__Collected data__
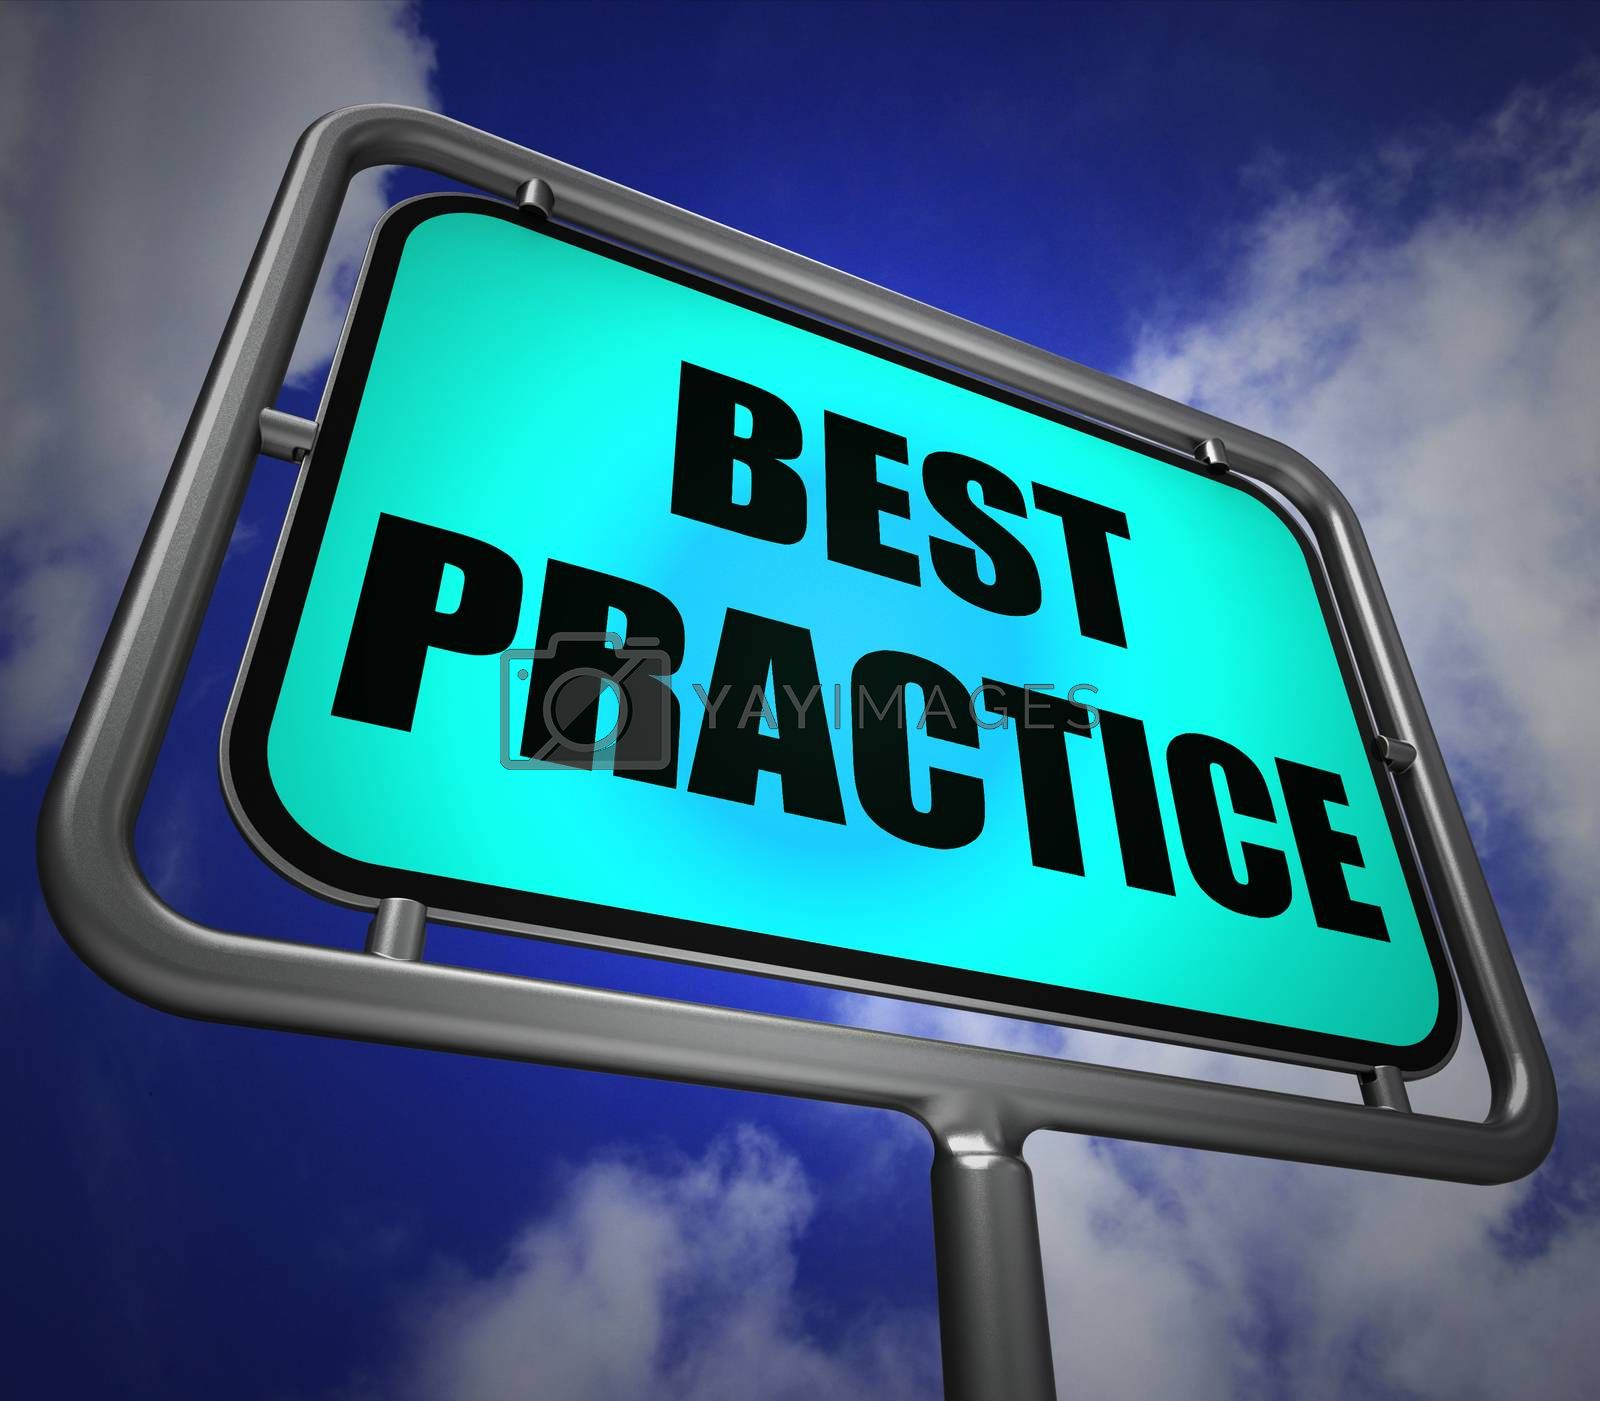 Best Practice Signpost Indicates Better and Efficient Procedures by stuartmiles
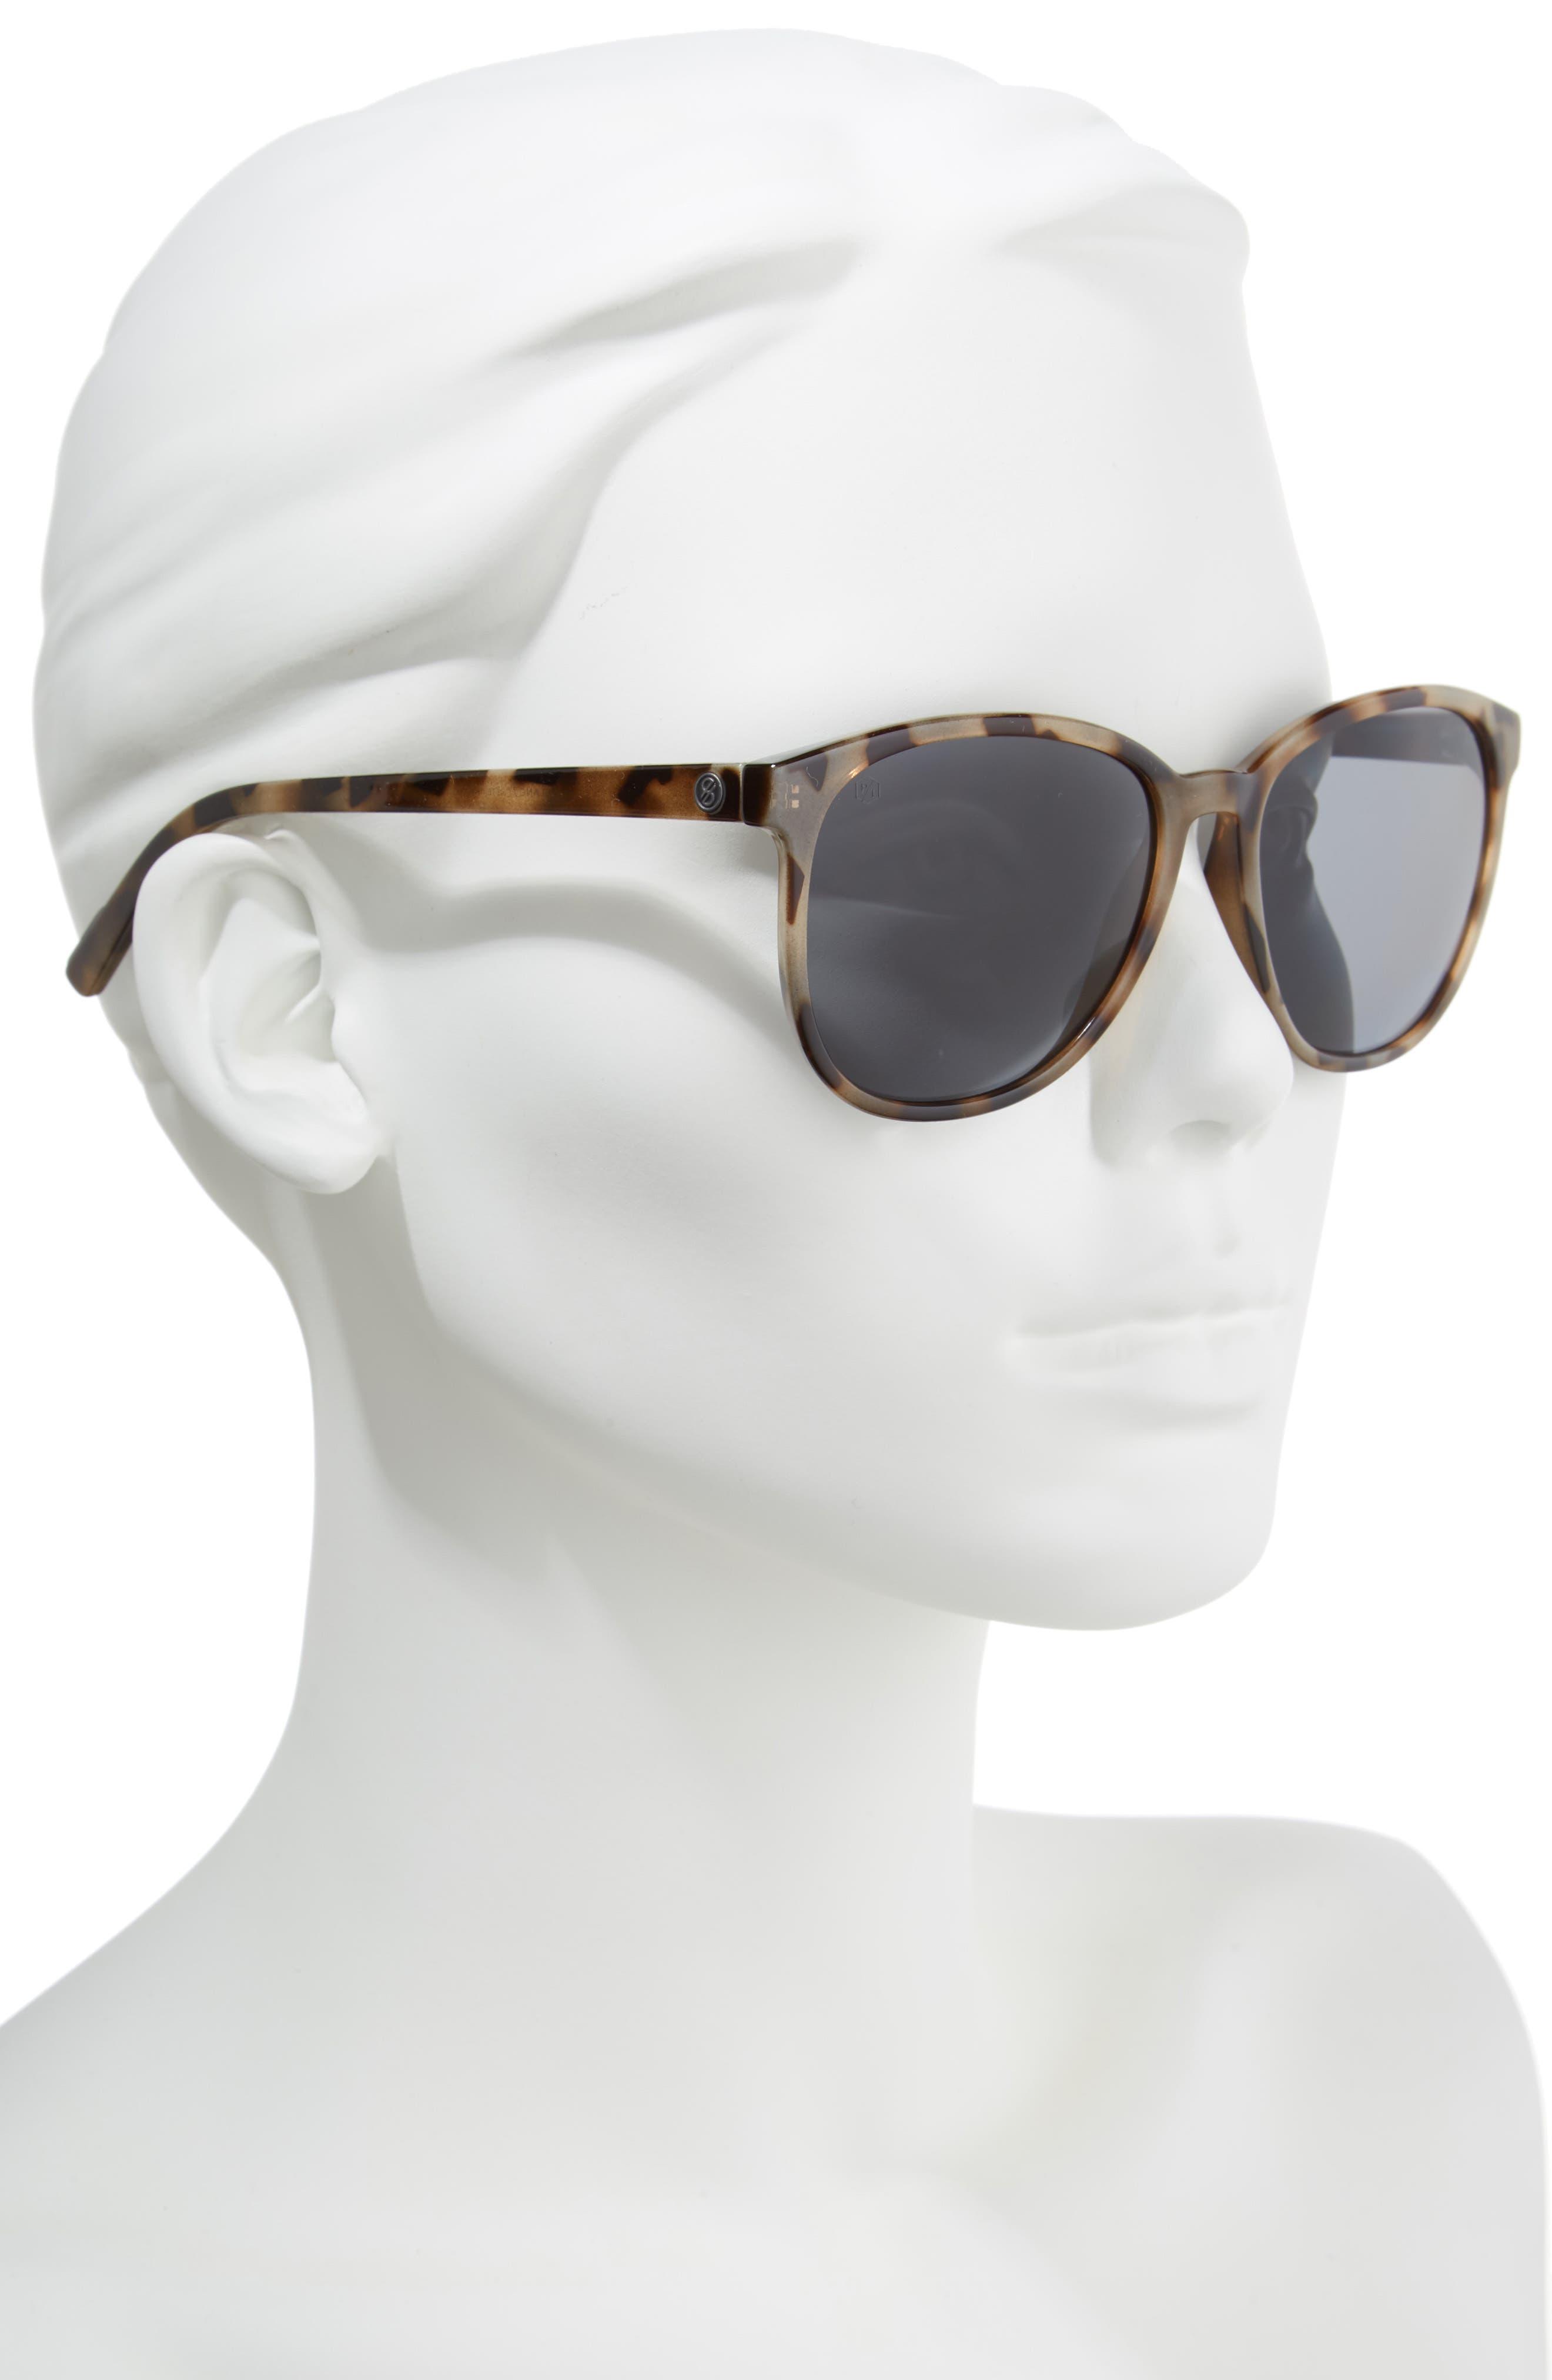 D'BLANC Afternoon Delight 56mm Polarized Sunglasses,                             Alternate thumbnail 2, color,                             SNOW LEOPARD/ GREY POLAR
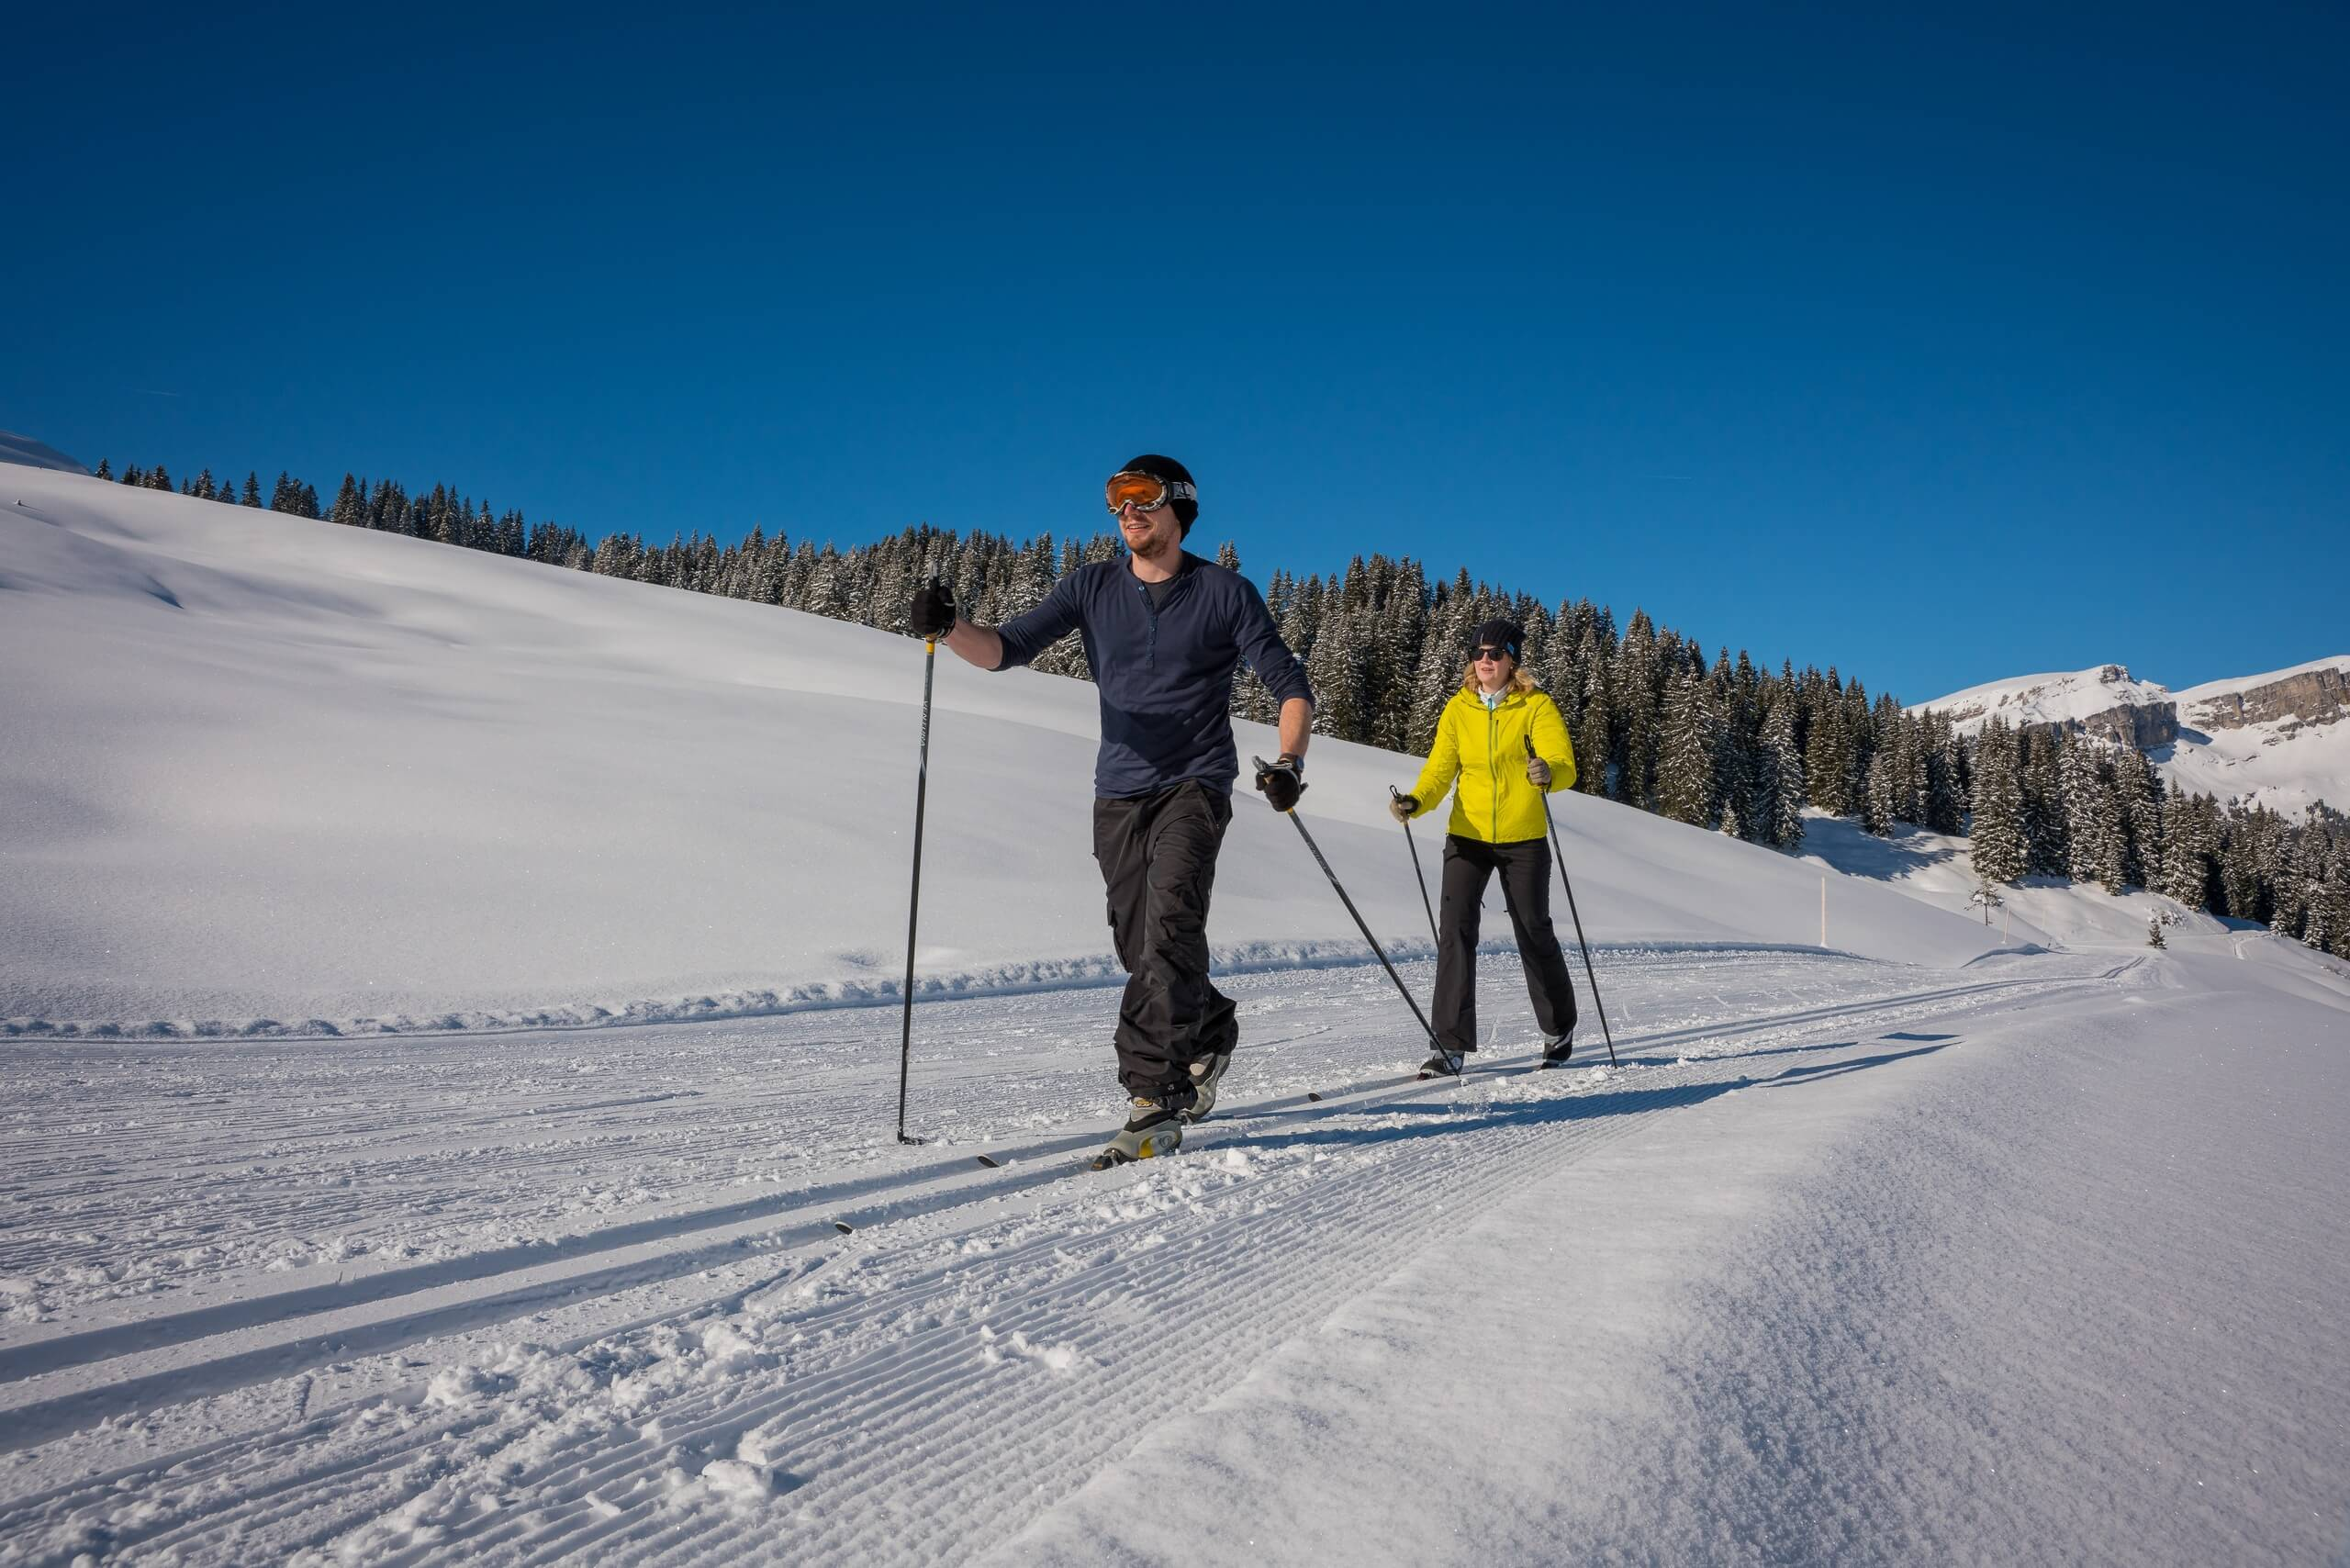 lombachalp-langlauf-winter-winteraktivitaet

__Activity__
Print each line above exactly as it appears, excluding all images.

__Task answer__
 Best Practice Signpost Indicates Better and Efficient Procedures by stuartmiles
 D'BLANC Afternoon Delight 56mm Polarized Sunglasses,                             Alternate thumbnail 2, color,                             SNOW LEOPARD/ GREY POLAR
 lombachalp-langlauf-winter-winteraktivitaet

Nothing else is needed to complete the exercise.